I think you've hit the nail on the head re 1sts - it might just be a lot go do with the unknown. Sounds like you're doing an excellent job working with her. I said this on another post but I heard Holly Van Gulden talk previously about permanence and how "our kids" seem to visibly relax when they've been home 1yeR and then again when they've been home longer than any other placement. I like to think if it like our own relationships with OHs - the 1st year is full of 1st birthdays together, holidays, relatives & Xmas/NY. Hope you get a nice Xmas and Poppets not too upset. I'm in same boat re worries etc but I know even with a calm peaceful Xmas it is 10times better than any other as I have my beautiful boy here to share it with DH and I :-D
X


----------



## Poppets Mammy (Mar 7, 2011)

Thanks Gertie   it's hard for our LO's isn't it. So much for them to go through in their little lives with the limited understanding that young children have. No wonder they get a little muddled and overwhelmed from time to time.
I've been doing more Santa duty tonight wrapping yet more presents and I'm starting to stress about where on earth we are gonna put it all once she's opened them   it's hard enough trying to hide them in any little space we can find. I think I need to accept that our house is gonna be bedlam with toys everywhere for a while until we find homes for everything   xx


----------



## Wyxie (Apr 10, 2013)

Wyxling found Christmas really tough last year too.  It's all to do with excitement and routine break triggering stress, but with littlies they don't understand why they're stressed by things that are out the ordinary for them.  Routine = stability and stability is what they really need because of the disruptions and particularly previous moves .  Predictability gives them the reassurance that they're not going anywhere.  Disruptions to routine really mess with this and Christmas is without doubt the most disrupted time of the year.  Children like Wyxling who have issues with regulation also really struggle with excitement as they often can't come back down again very easily and the excitement is also incredibly stressful.  Before we adopted we were told by several people involved in assessment and prep that Christmas often wasn't a good time for adopted children, and sadly I can really see that now.  Having said that, Wyxling has coped (not coped well, but coped) with the last few days which have been incredibly hectic and stressed, with big disruptions to her normal routine for nursery christmas concert, visiting friends and family etc, and she is doing OK and we have had a lot of good time.  We have also, sadly, had the first big kick off where she's tried to hurt me for several weeks, closely followed by the second.  It was only a little thing, really, and I know I should keep it in perspective, but I always struggle when we have a good patch and then a worse one again with a regression in behaviour.  I can't say that I'm not upset by this and worried about what Christmas will bring, but I do think it'll bring good time as well this year.  Although I feel guilty saying it, in all honesty last Christmas was not a happy time for anyone in our house.

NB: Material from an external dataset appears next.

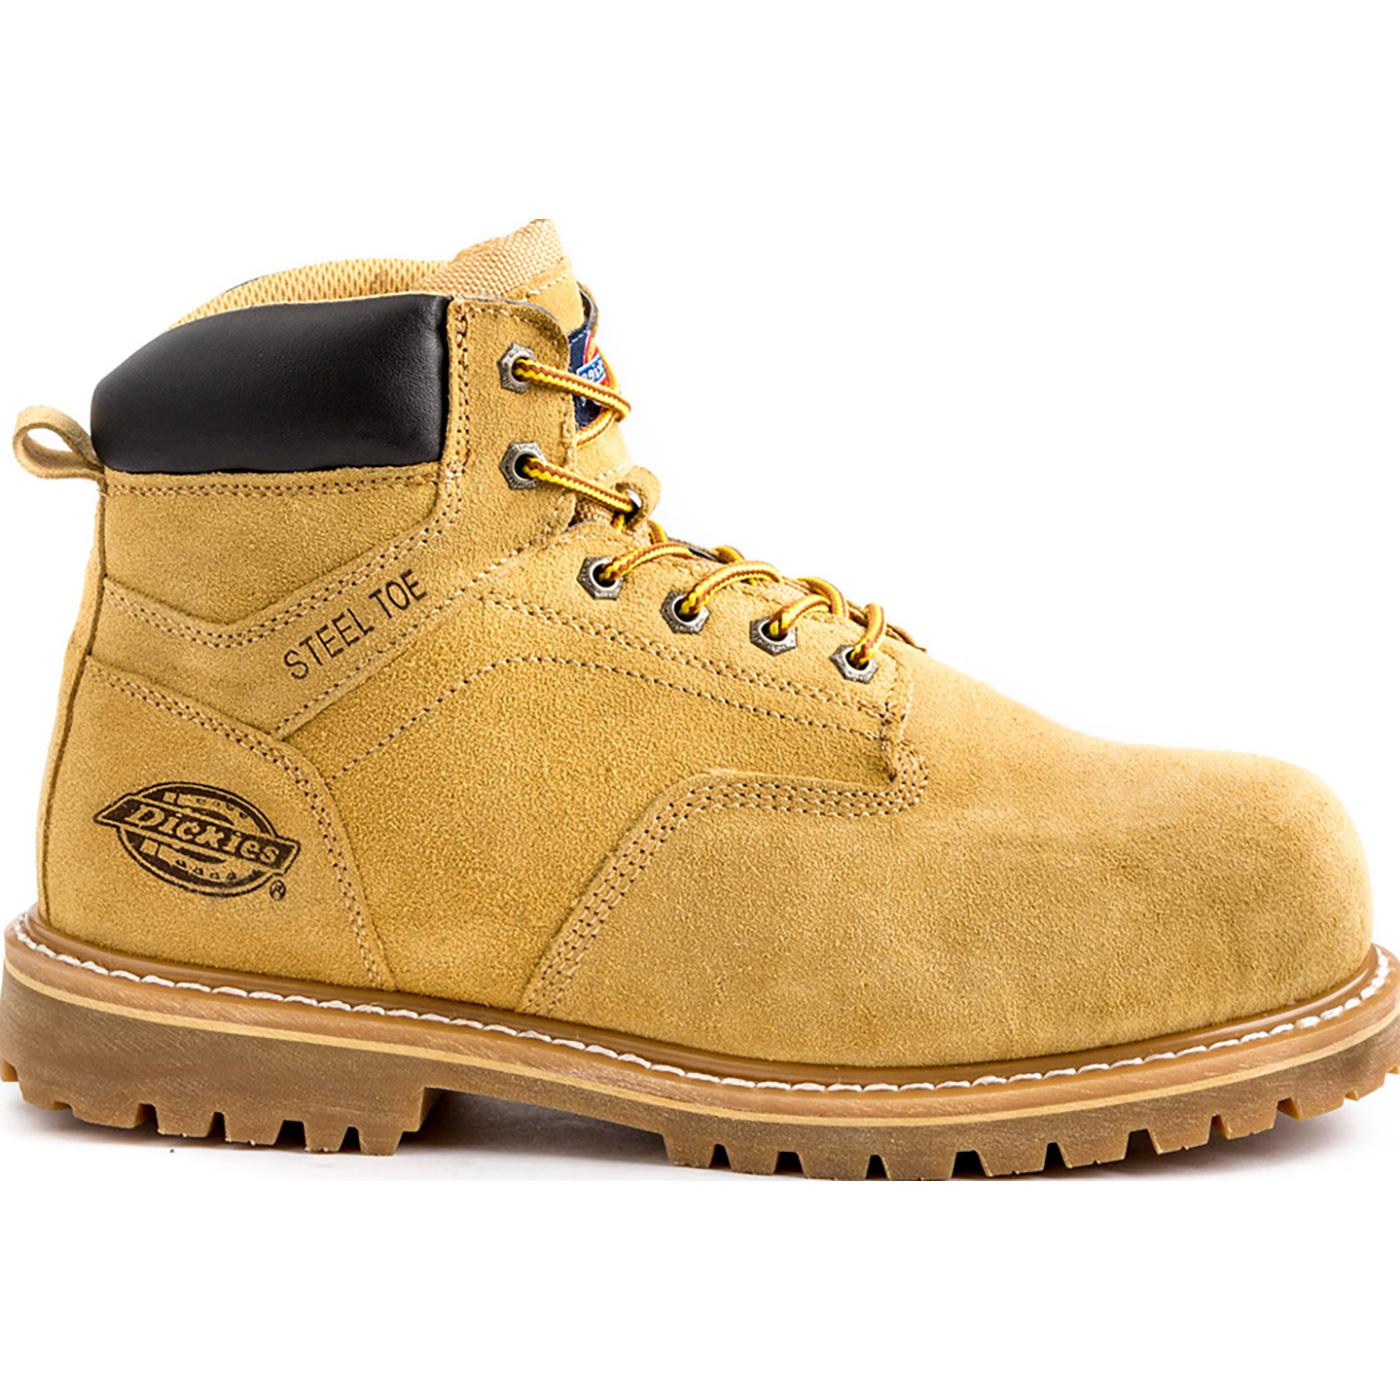 4535422ad31 Dickies Prowler Men's 6 Inch Steel Toe Electrical Hazard Work Boot

We warned family last year about going overboard on presents and fuss etc and they totally ignored us, and the massive big deal they made out of Christmas for a 2 year old who didn't really understand or care, was not helpful.  This year, I am very hopeful things will be different.  Bladelet will definitely love Christmas, that's just the way he is, and I'm really hopeful of a good one for Wyxling too, although I suspect she'll be difficult afterwards when it all calms down, I'm hoping not too much so.

Best wishes for everyone.

Wyxie xx


----------



## Mummy Noodles! (Mar 31, 2010)

Thanks everyone for the advice!   I actually got a lot out of not being the only one stressed about 1st birthday/ christmas...I thought it was just me and DH who stressed about all these new things with Us. We have more or less decided on a soft play party as he loves soft play. I think the main thing is to keep our boy calm and feeling safe. Lots of attention can sometimes be too much for him!!


Wyxlie - loved your plate idea...so together...will try and think of something like this.   


Lol Noodles xx


----------



## Mummy Noodles! (Mar 31, 2010)

Well Ladies...thought I'd update you all as you're collective advice spot on....our LO had a brilliant birthday!!!!!!! In fact Id go as far as to say -- I think it was one of the BEST days of MY life!!!!!!


We made a memorable cup from acrylic paints(?) with lo name and age - as a family this gave us time together = lovely
Then soft play. DH & I taking it in turns to play with LO
Then all family round for a little celebration !! (15 of us)


Our LO managed to do all of this. He was a little annoyed at one point (strain of too much happening) But honestly this lasted about 3 minutes....All day he was confident, happy and his usual charming, amazing self.


We feel so, so blessed...


HAPPINESS. Love Mummy Noodles xxx


----------



## Mummy DIY Diva (Feb 18, 2012)

So lovely glad you had an amazing day x x


----------



## GERTIE179 (Apr 20, 2005)

Excellent day all round then  x


----------